Любовь в эпоху перемен - Юрий Поляков
Шрифт:
Интервал:
Закладка:
Вот это был урок! Нельзя сказать, что Скорятин с тех пор вообще не пил, но с алкоголем у него сложились опасливо-предусмотрительные отношения, как с буйной любовницей, которая вдруг может явиться ночью к законной жене и заголосить, ломая руки: «Отдайте мне его! Он мой! Мой!» И ведь Марина отдаст…

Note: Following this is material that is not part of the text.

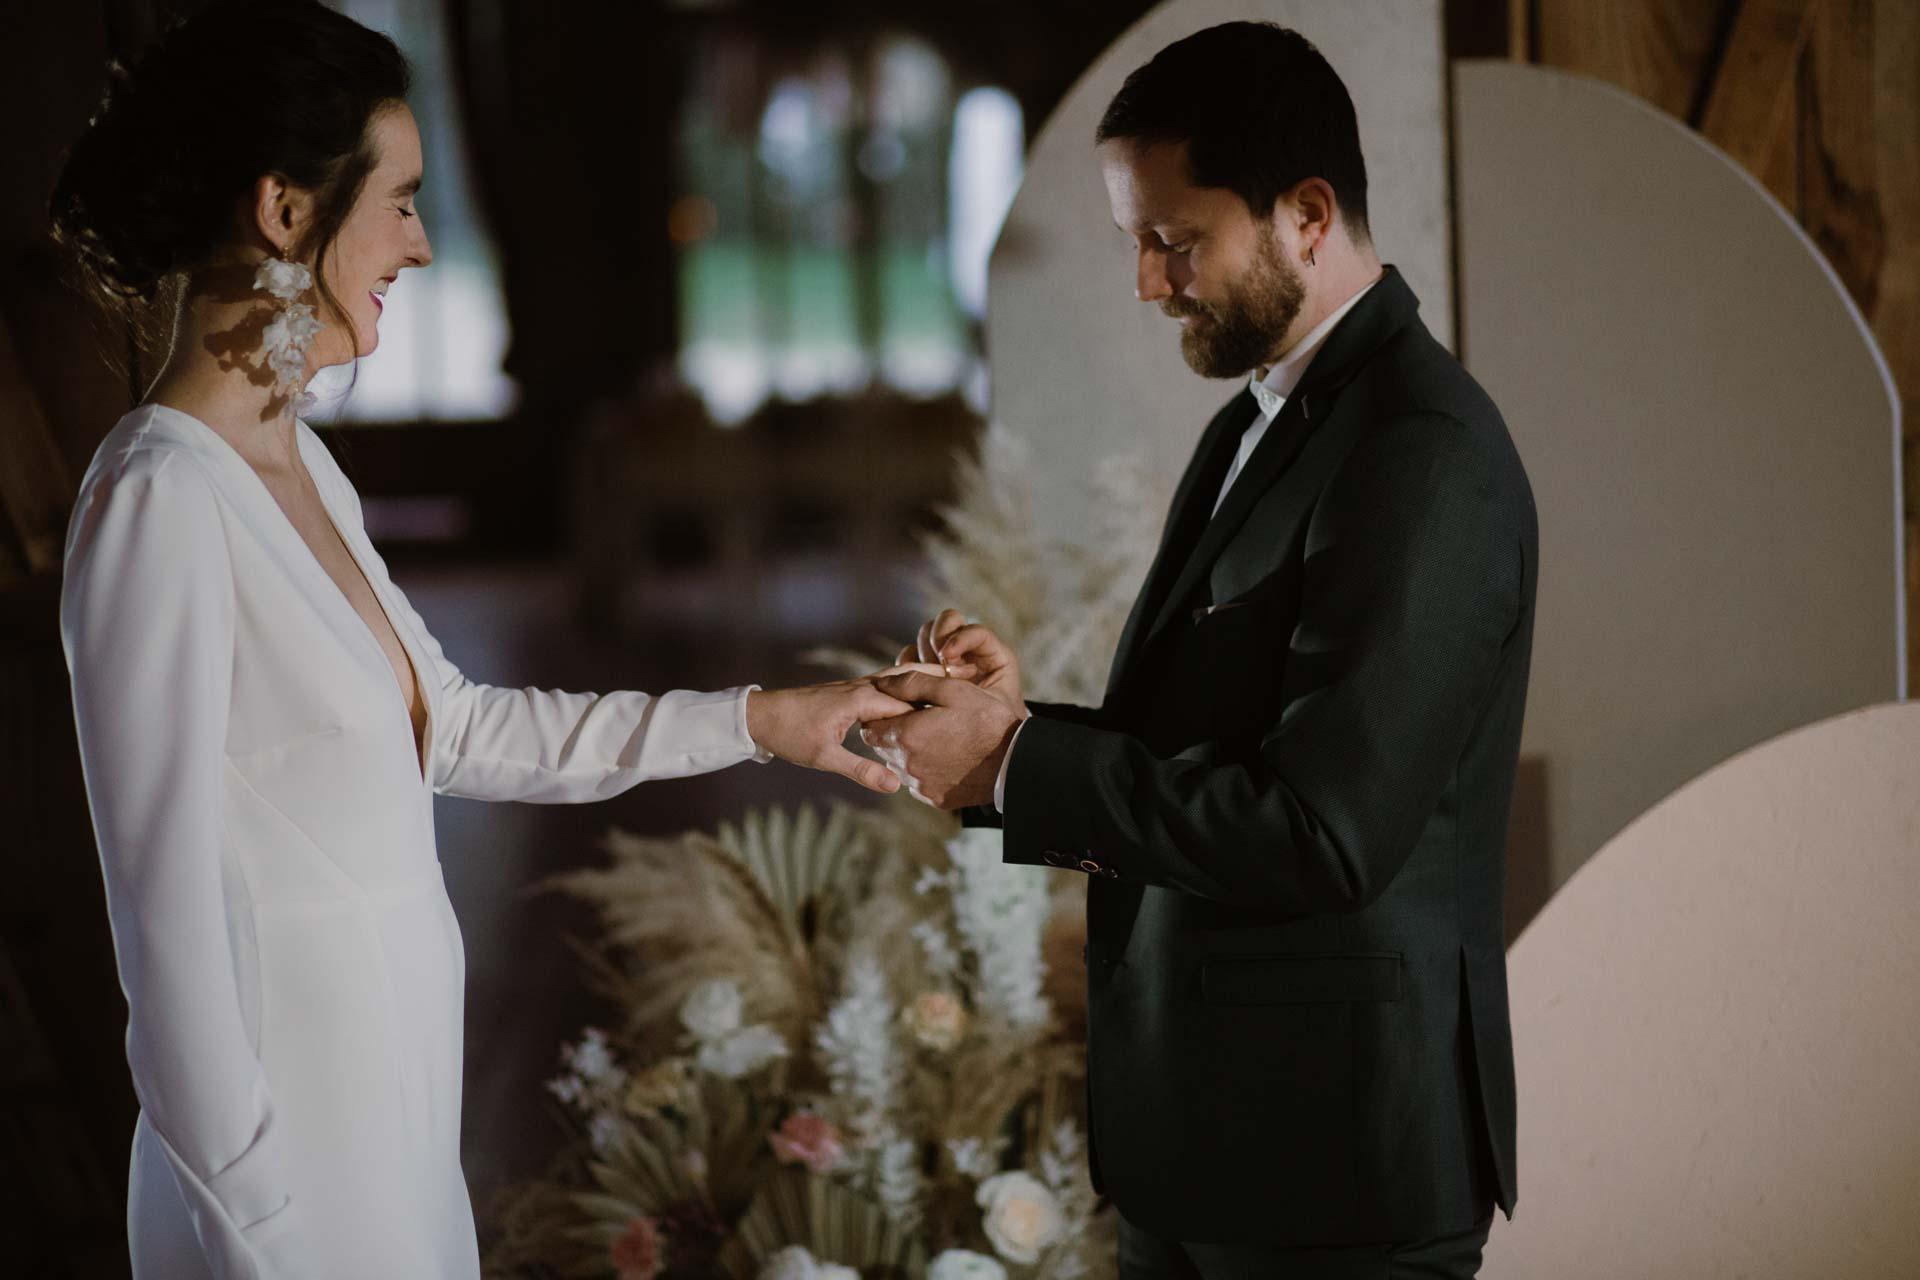 mariage rituels echange d'alliances

В общем, увольнение за пьянство ему не грозило. Ругать на планерках его тоже было не за что: писал он отменно, а «шапки» придумывал такие, что только руками разводили: «Голова!» Но несмотря на достоинства, Гена был обречен. «Наоборотники» не признают чуждых талантов, как на Западе не признают русские дипломы. Скорятин был для них чужим, ибо не упивался праздником непослушания, охватившим страну, да и с пятым пунктом подкачал. Из отдельного кабинета его пересадили в общий. Новые сотрудники, занявшие столы в большой комнате, почти не разговаривали с ним, а если он неожиданно входил, обрывали на полуслове шумный спор и смотрели на него, как в мужском туалете смотрят на уборщицу, нарушившую сокровенность. В общем, нежилец…

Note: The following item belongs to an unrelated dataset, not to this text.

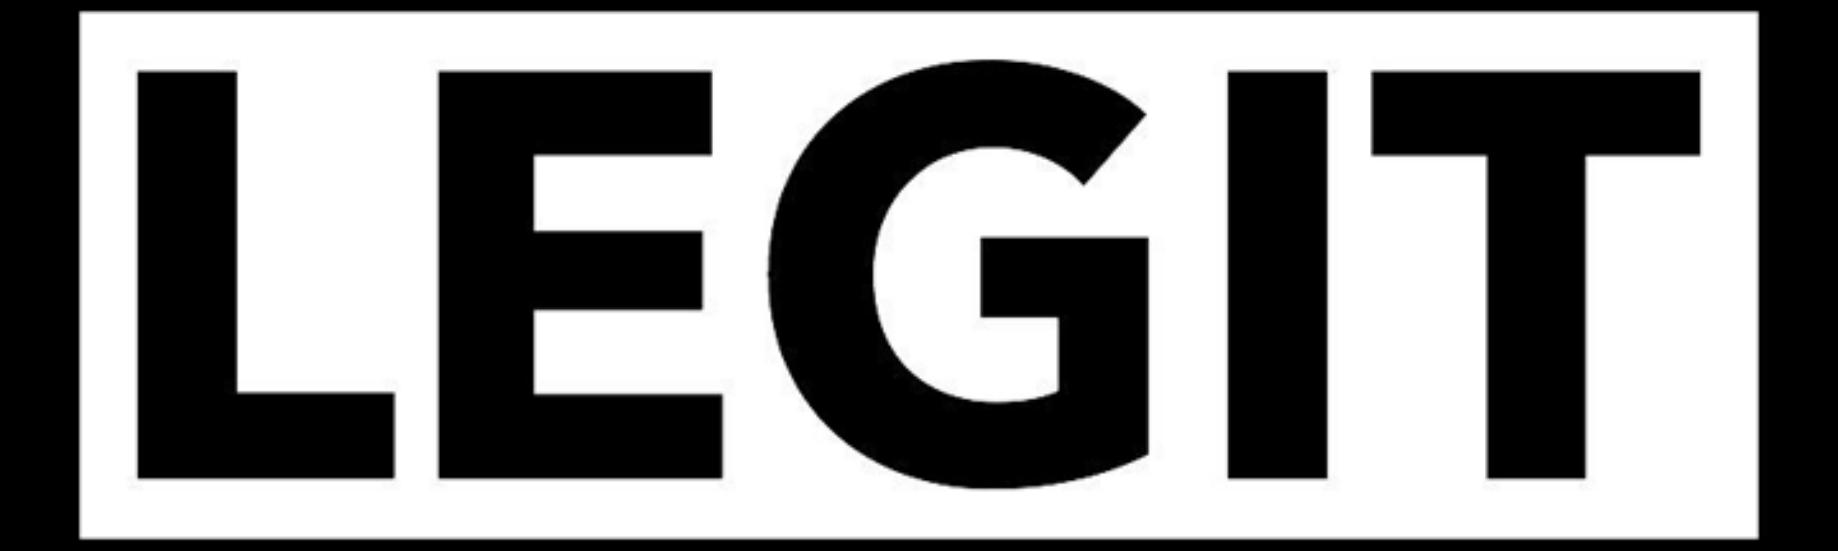 Legit là gì?

Гена без лишних унижений и напоминаний подыскал себе должностишку в «Гудке», написал заявление о переводе и дорабатывал положенные по закону две недели. Иногда, если он оставался один, в комнату проникал Жора, срочно перековавшийся в «наоборотники», и тихо молил:
— Заголовок для статьи о падении производительности труда. В номер. Спасай!
— Де-ста-ха-но-ви-за-ци-я, — помедлив, отвечал нежилец.
— О искрометнейший, что мы без тебя делать будем!
9. Веня и Жора
Дверь открылась — и легкий на помине Жора Дочкин, возмущенно размахивая машинописным листком, влетел в кабинет. Сколько помнилось, он всегда ходил в обвисших джинсах и кожухе, некогда черном, а теперь вытершемся до слоновьей серости, — менялись только рубашки, непременно клетчатые. В тридцатиградусную московскую жару зам давал себе поблажку — льняной пиджак, мятый, словно вынутый из кармана. Кстати, черные кожанки они покупали вместе на закрытой распродаже для делегатов съезда журналистов. Но Скорятин давно отдал свою дачному сторожу, а бережливый Дочкин все еще донашивал.
— Что случилось?
— Гена, ты с ума сошел? — Сизое небритое лицо Жоры дрожало, как потревоженный студень. — Это нельзя печатать, о неосторожнейший!
— Что?
— Соловскую херню. Нас закроют.
— За что?
— За «нерукопожатного президента». Во-первых, это неправда. Президент у нас отличный! — он сказал это громко и куда-то ввысь.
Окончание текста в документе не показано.